One Direction i My.. - imaginy

niedziela, 28 grudnia 2014

Harold Styles ;D ~część 1

Mało komentarzy :c Szkoda, bo wyświetleń jest ogromna ilość, a komentarzy 3. 
Bez zbędnych wyjaśnień, miłego czytania.
***********************************

 ~Harry's POV~
Kolejny Sylwester, który spędzę na próbie dobrej zabawy. To oczywiste, że nie bawię się dobrze, bynajmniej nie cały czas. Spojrzałem na Niall'a, który usiłuje do torby podręcznej wepchać jeszcze jedną paczkę żelek.
- Daj spokój, Niall.
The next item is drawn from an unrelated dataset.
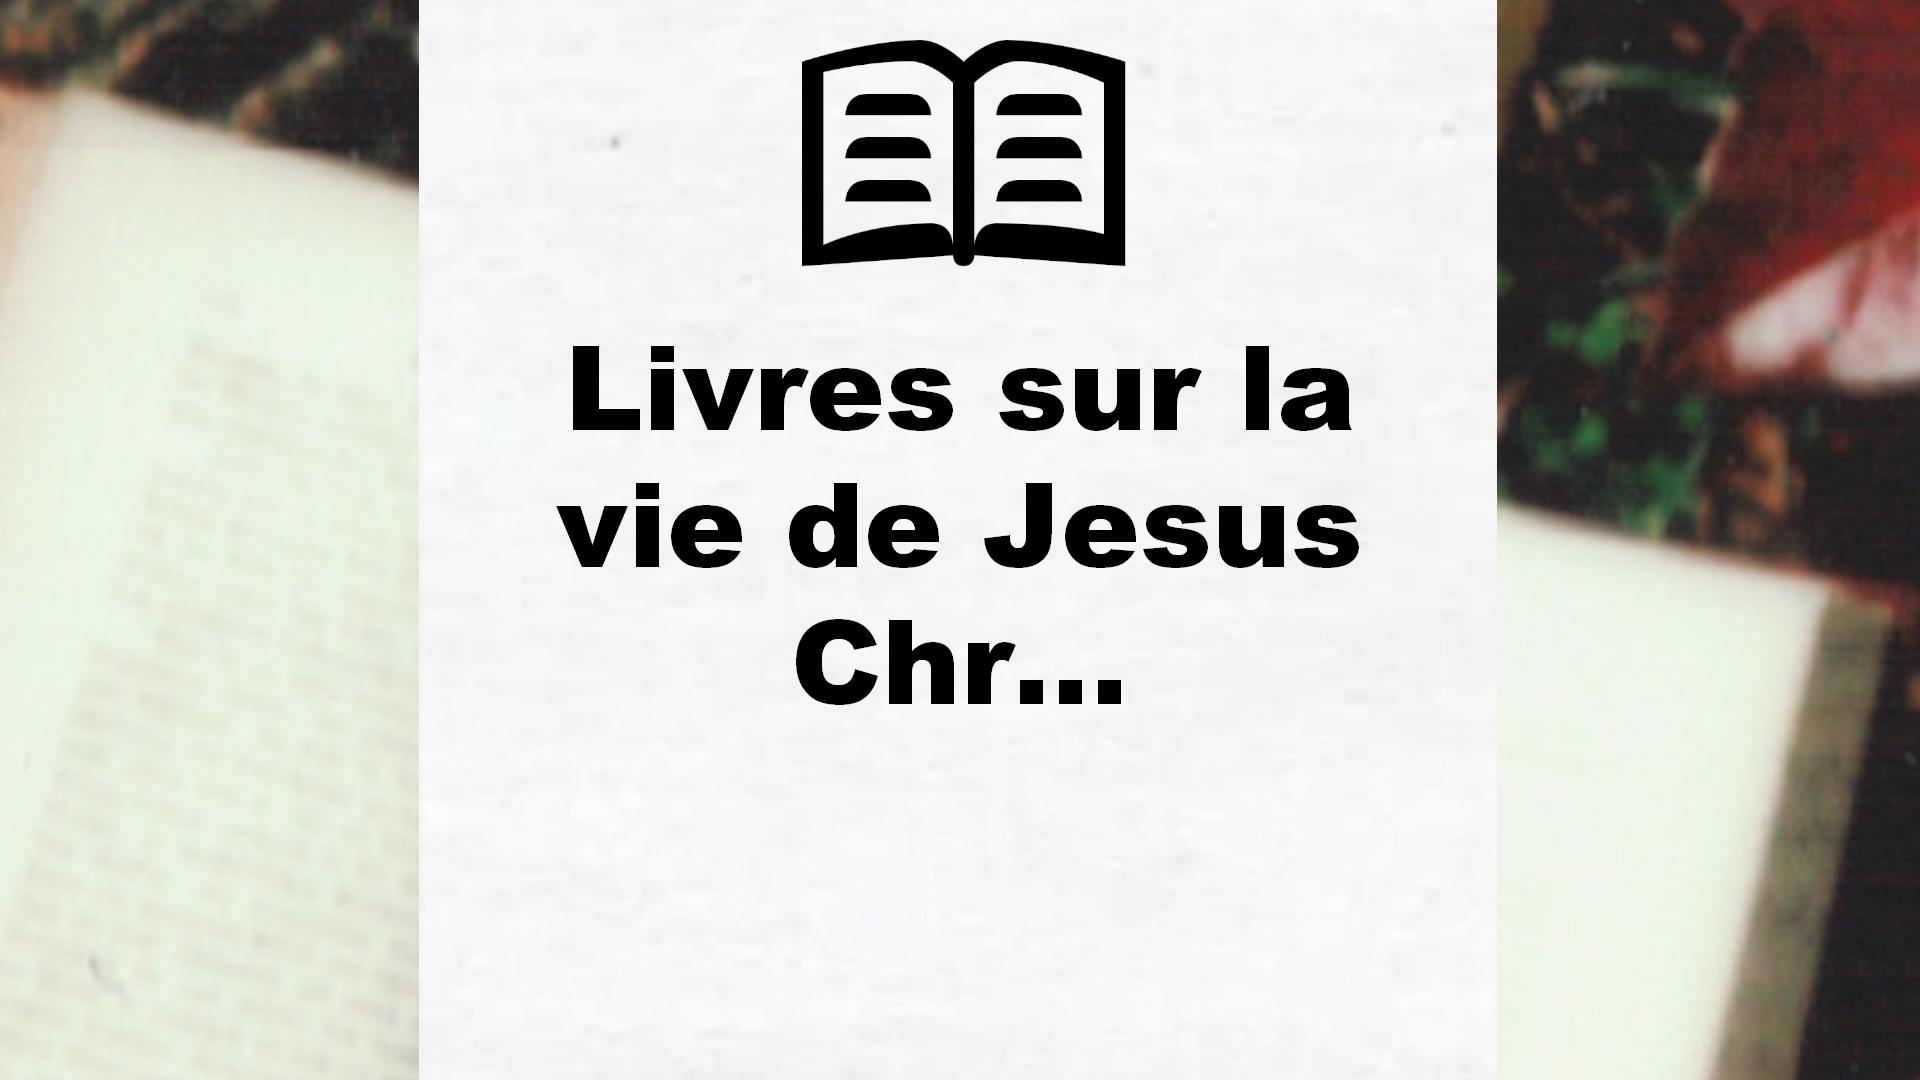 Livres sur la vie de Jesus Christ

Nie zmieści się.- przewracam oczami jednocześnie się śmiejąc.
- DAM RADE.- syczy, a ja się tarzam widząc, jak blondyn skacze niczym małe dziecko i płacze.
- Na pewno nie potrzebujesz pomocy?- pytam, gdy już się opanowuję.
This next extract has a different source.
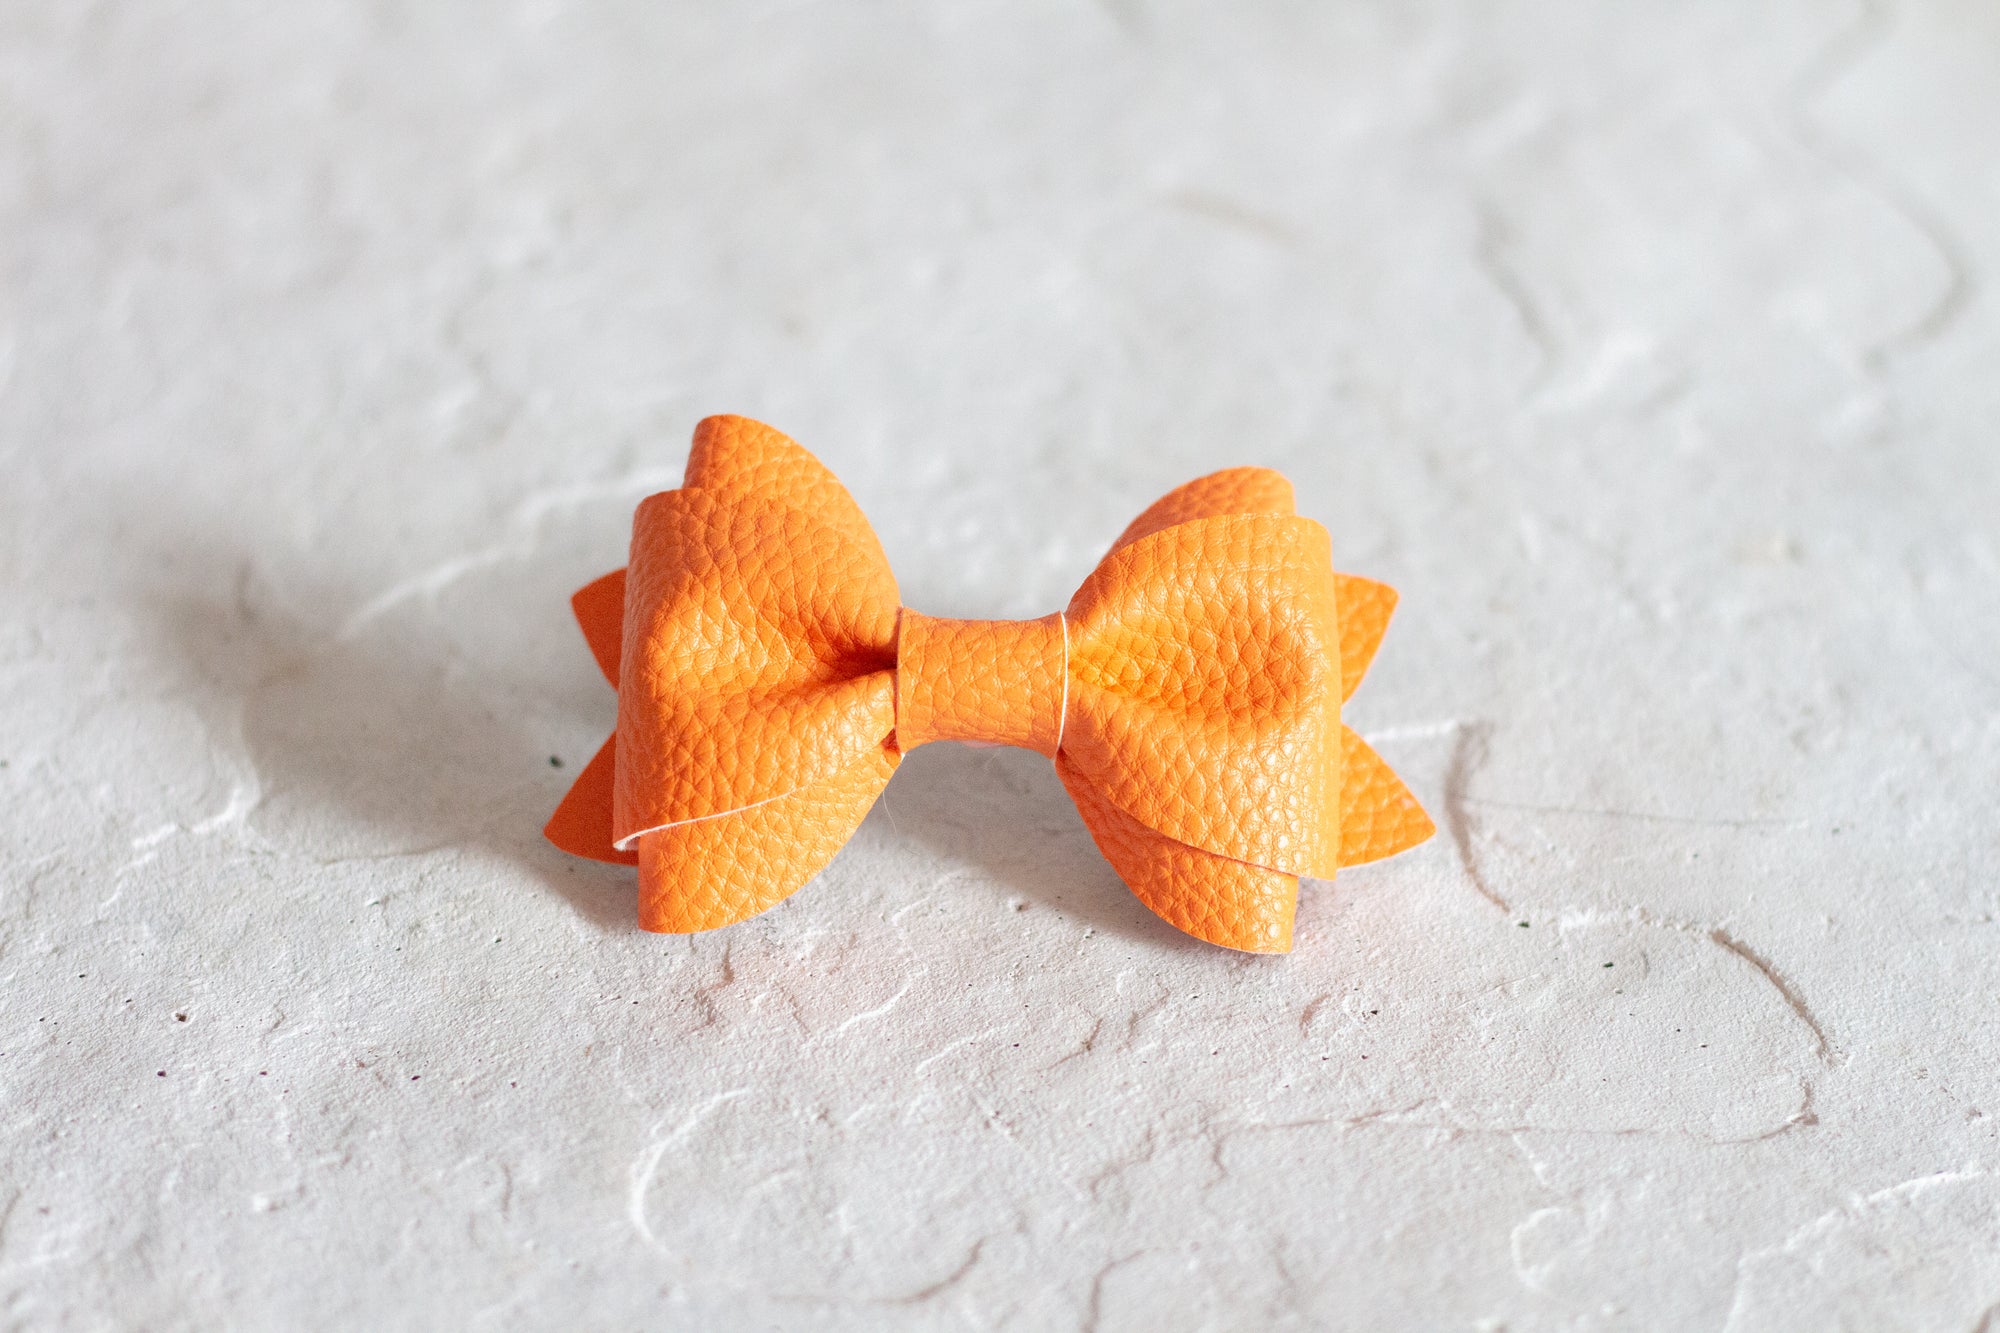 Orange Bow Tie

- Pomóż mi, proszę.- cały zapłakany, odsuwa się. Wyciągam z jego plecaka wszystkie rzeczy.
- Przytulanka? Serio?- chłopak tylko coś mamrocze, a ja powoli układam wszystko tak, jak należy. Wszystko się mieści i jeszcze jest miejsce na tę nieszczęsną paczkę żelek. Pakuję ją i oddaje bagaż rozpromienionemu chłopakowi. Sięgam po swoją małą torbę i wychodzimy.
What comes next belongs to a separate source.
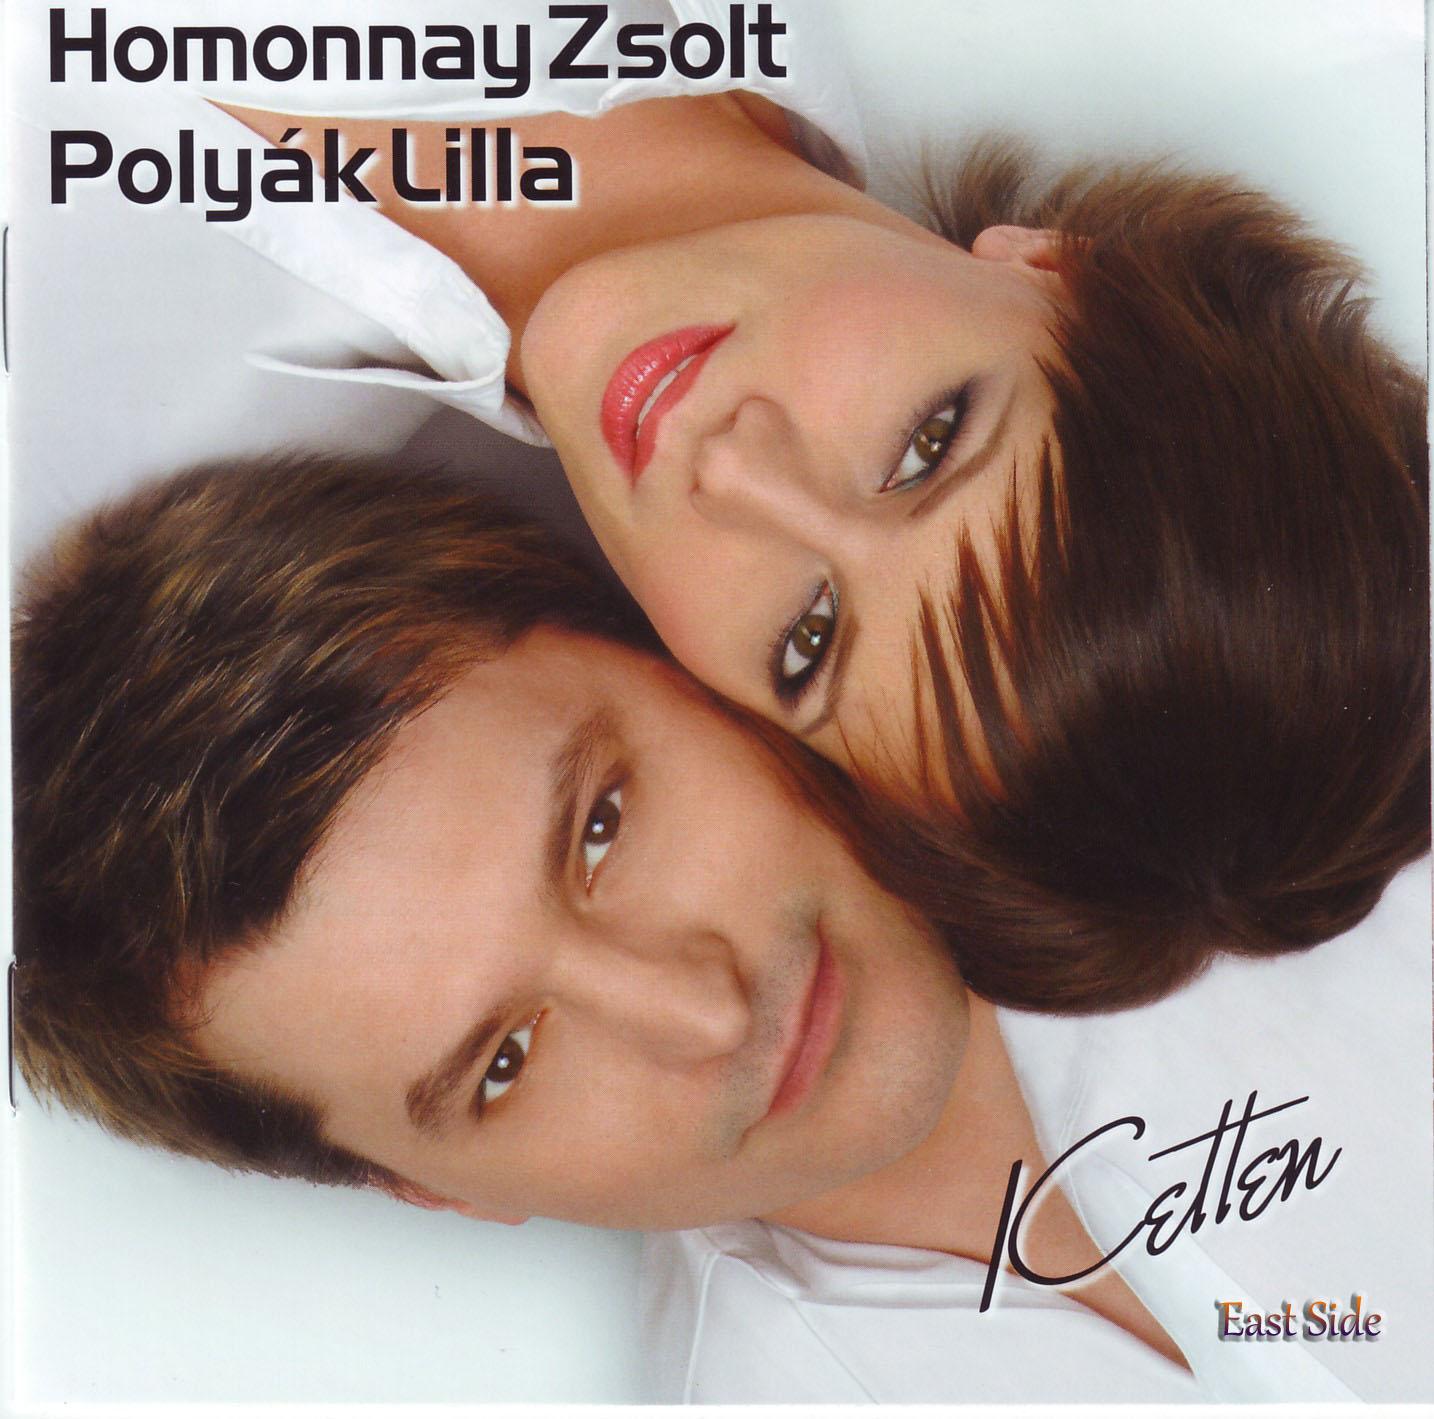 Homonnay Zsolt & Polyák Lilla Ketten

- Tak właściwie, to po prostu nie chciało mi się tego układać.- zauważa niebieskooki, a mnie to o dziwo nie wścieka.
- Nie ma za co.- komentuje tylko i idziemy w stronę reszty zespołu.
- Czyli tegoroczny Sylwester spędzamy sami, w domu Twojej kuzynki?- pyta Lou.
- Tak.- potwierdza Zayn.
- Ja nic nie wiem..?- pytam.
- Gdybyśmy ci powiedzieli, nie chciałbyś.- tłumaczy Liam.
- A po za tym tak się jakoś złożyło.- wzrusza ramionami Niall.
- Czemu mnie to nie dziwi?- wzdycham, a oni nie widząc przeczenia, krzyczą radośnie. Dzieci.
- Nie patrz na nas, jak na gorszych od siebie.- mówi Zayn.
- Przepraszam. Po prostu nie sprawia mi już radości zabawa w dzieci.- krzywią się na obelgę.
- Dobra, idź usiądź do samochodu sknero, bo jak widać jesteś w podeszłym wieku, a walizki ci jeszcze zaszkodzą.- odgryza się Horan. Zadowolony, że nie muszę nic nieść usadawiam się przy oknie.
~Niall's POV~
- Musimy odzyskać naszego Styles'a!- decyduje Lou,
- Wy chyba czegoś nie wiecie...- zaczynam, ale zbyt cicho, bo słyszy tylko Malik. Unosi brwi w pytającym geście.- Później ci powiem.- szepczę, a on potakuje.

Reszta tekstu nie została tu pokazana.